There is still one small problem which is the final destruction of the cache objects during finalise() does not seem to be working. I do not see any final destruct calls for the last 3 condition objects, and thus still have
Rich::Detector::Rich1::AllocateCount ERROR Still 3 allocated dervived condition objects !!Rich::Detector::Rich2::AllocateCount ERROR Still 3 allocated dervived condition objects !!
@clemenci I just did a quick check and it looks like the problem is the application mgr is never actually calling LHCb::Detector::DetectorDataService::finalize()...

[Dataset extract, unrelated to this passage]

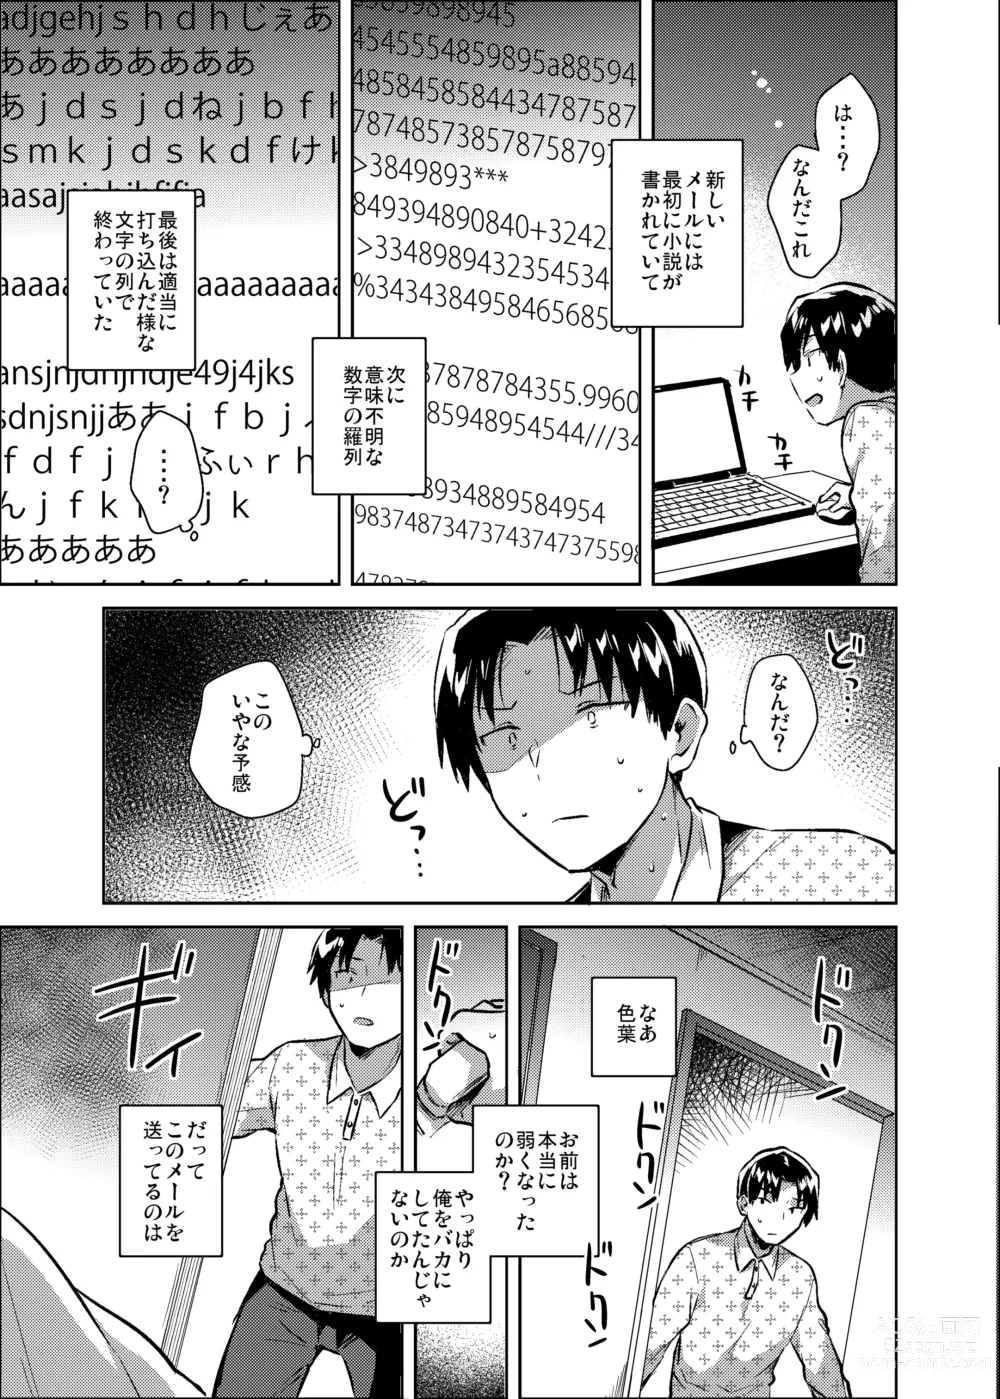 Page 22 of doujinshi Imouto wa Kanji ga Yomenai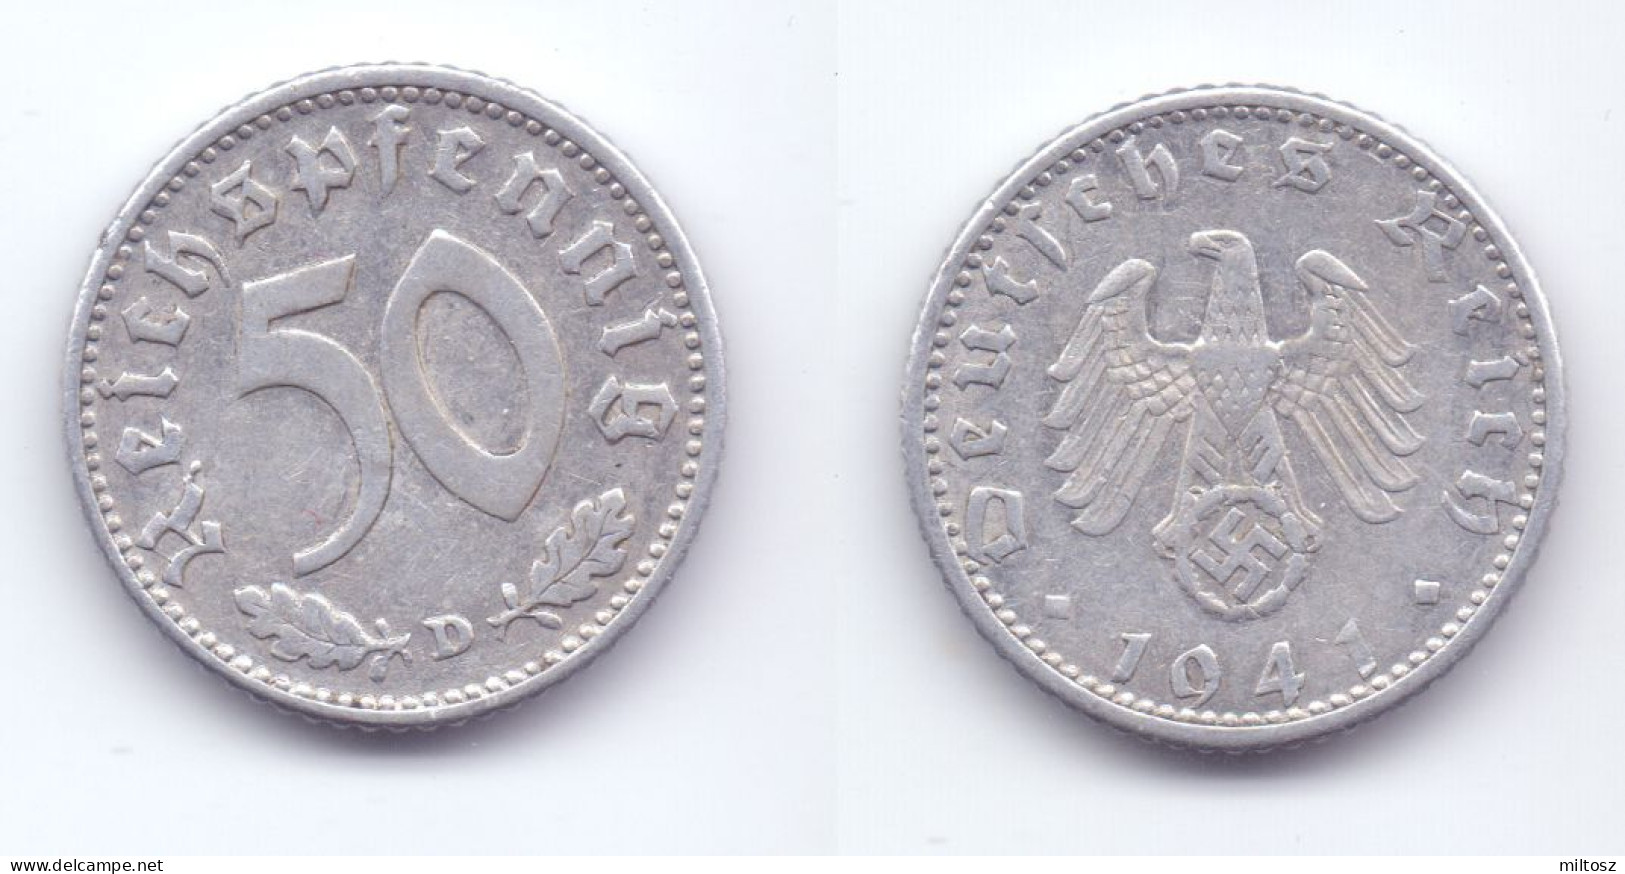 Germany 50 Reichspfennig 1941 D WWII Issue - 50 Reichspfennig

Thanks. Running with the above MR I indeed see the cleanup running in finalise. I do get some slightly odd looking messages though
Unhandled: 3 : ConditionsPool:+++ Remove Conditions for pool with IOV: run(0):[0-9223372036854775807] age: 0 [ 138 entries]Unhandled: 3 : ConditionsPool:+++ Remove Conditions for pool with IOV: run(0):[200000-9223372036854775807] age: 0 [10586 entries]Unhandled: 3 : ConditionsPool:+++ Remove Conditions for pool with IOV: run(0):[251925-251926] age: 10 [ 2 entries]Unhandled: 3 : ConditionsPool:+++ Remove Conditions for pool with IOV: run(0):[251927-251928] age: 9 [ 2 entries]Unhandled: 3 : ConditionsPool:+++ Remove Conditions for pool with IOV: run(0):[251929-251931] age: 8 [ 2 entries]Unhandled: 3 : ConditionsPool:+++ Remove Conditions for pool with IOV: run(0):[251932-251936] age: 7 [ 2 entries]Unhandled: 3 : ConditionsPool:+++ Remove Conditions for pool with IOV: run(0):[251940-252185] age: 3 [ 2 entries]Unhandled: 3 : ConditionsPool:+++ Remove Conditions for pool with IOV: run(0):[252186-252186] age: 2 [ 13 entries]Unhandled: 3 : ConditionsPool:+++ Remove Conditions for pool with IOV: run(0):[252186-255357] age: 2 [ 2 entries]Unhandled: 3 : ConditionsPool:+++ Remove Conditions for pool with IOV: run(0):[254915-9223372036854775807] age: 0 [ 2 entries]Unhandled: 3 : ConditionsPool:+++ Remove Conditions for pool with IOV: run(0):[255358-255364] age: 1 [ 13 entries]Unhandled: 3 : ConditionsPool:+++ Remove Conditions for pool with IOV: run(0):[255365-9223372036854775807] age: 0 [ 13 entries]ToolSvc INFO Removing all tools created by ToolSvcApplicationMgr INFO Application Manager Finalized successfullyApplicationMgr INFO Application Manager Terminated successfully
Are these Unhandled messages expected ? Not a big deal but are a little ugly..
The clean up logic leading to a segfault was too aggressive, but the change I made to fix it is not perfect (it leaks a bit). Moreover I believe the clean up in finalize is reporting that we didn't do the piecemeal clean up.